Would that the "World's Greatest Consulting
Detective" actually had the chance to exercise
some of those powers here. In Murder
By Decree Sherlock Holmes (Christopher
Plummer) is given virtually nothing to do other
than follow a series of hand-fed clues. When the
Ripper murders roil London in the autumn of 1888,
Holmes is put on the case by a group of political
radicals who fear the slayings will be used as
a pretext for a government crackdown on the less
privileged elements of society. An anonymous tip
leads Holmes and faithful companion Dr. Watson
(James Mason) to a professional medium, Robert
Lees (a spaced-out Donald Sutherland), who claims
to have experienced precognitive visions of the
murders. Lees tells them that he recently sensed
the physical presence of the murderer on a London
street; he followed the man — whose face he could
not see — to a tony section of the city where
a number of prominent medical men reside. Watson,
meantime, is dispatched to Whitechapel to see
what information he can glean from the friends
and associates of the murdered prostitutes. Roadblocks
are thrown in the detectives' path by Sir Charles
Warren (Anthony Quayle), the blustery head of
Scotland Yard, who obviously knows more about
the case than he lets on. It becomes evident to
Holmes that the Ripper is no random serial killer,
that the victims were slain to keep them quiet
about something. Regardless of the consequences
he and Watson will risk their reputations and
their lives to uncover the truth.
I'm a
big fan of Granada Television's Sherlock Holmes
stories starring Jeremy Brett as well as Peter
Cushing's turn as the Master Detective in Hammer's
Hound of the
Baskervilles (1959). Even with a dunderheaded
Watson and an unfortunate proclivity for setting
Holmes' adventures in the 1940s —
he should be riding in a horse-drawn carriage,
not a Packard — those
old black and white films with Basil Rathbone
can be fun, too. So I was prepared to extend Murder
By Decree every benefit
of the doubt. It boasts a truly fine cast. Nowhere
near as cold and abrasive as Brett's interpretation,
nor a vigorous dynamo like Cushing, Plummer's
Holmes is perhaps a bit too empathetic —
even welling up with tears at the plight of a
woman wrongly imprisoned in a mental asylum. Sorry,
but I just can't picture ol' Sherlock getting
this emotionally involved. (This is the script's
fault, not Plummer's.) Where he shines as the
character is in his interaction with Dr. Watson,
wonderfully portrayed by James Mason. This Watson
is no fool or fumbler on hand merely for comic
relief. Mason and Plummer have very good onscreen
chemistry and the their scenes together are the
highlight of the film. In addition to Sutherland
and Quayle they're supported by Deep
Red's David Hemmings as a Yard detective who
sympathizes with the radicals, Susan Clark as
a prostitute who knows too much, Frank Finlay
as Inspector Lestrade, and Sir John Gielgud as
Lord Salisbury, the British prime minister. Genevieve
Bujold (Coma) is
excellent in the brief role of Annie Crook, the
streetwalker whose fate lies at the vortex of
the mystery.
Unfortunately this topnotch
cast is wasted. Given the potential of the scenario
— literature's most famous detective versus history's
most infamous serial killer — the film is surprisingly
flat and uninspired. While competently helmed
by Bob Clark (Children
Shouldn't Play with Dead Things), with good
production values and period detail, it simply
fails to come alive. Now I don't expect a Holmes
flick to be drenched in gore but Murder
By Decree can't generate even a modicum
of suspense, which ultimately proves fatal.

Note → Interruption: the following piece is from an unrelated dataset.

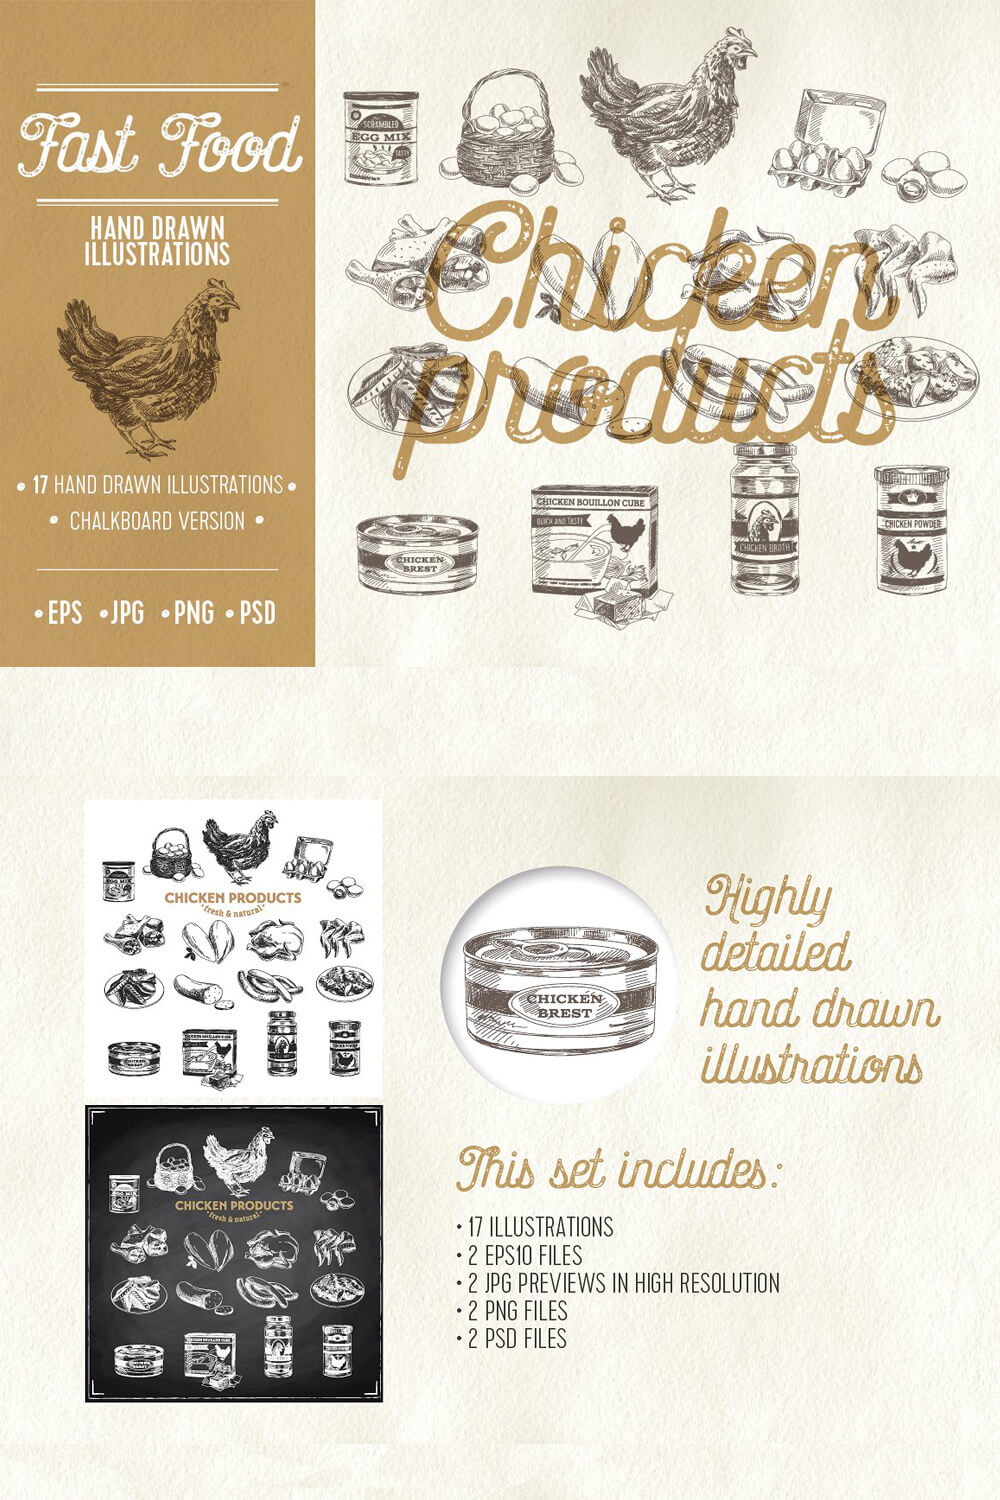 Chicken products includes 17 hand drawn illustrations and chalkboard version.

The film is just too long and too talky; by the
time the climax rolled around I didn't really
care who was doing the killings or (more important
to this particular story) why they were
being done.
Trivia
note: Virtually the exact same take on the Ripper
case, sans Holmes and Watson, was presented in
the Hughes Brothers' From
Hell (2001) starring Johnny Depp. That film,
even with its MTV aesthetic of style over substance,
is by far the superior movie.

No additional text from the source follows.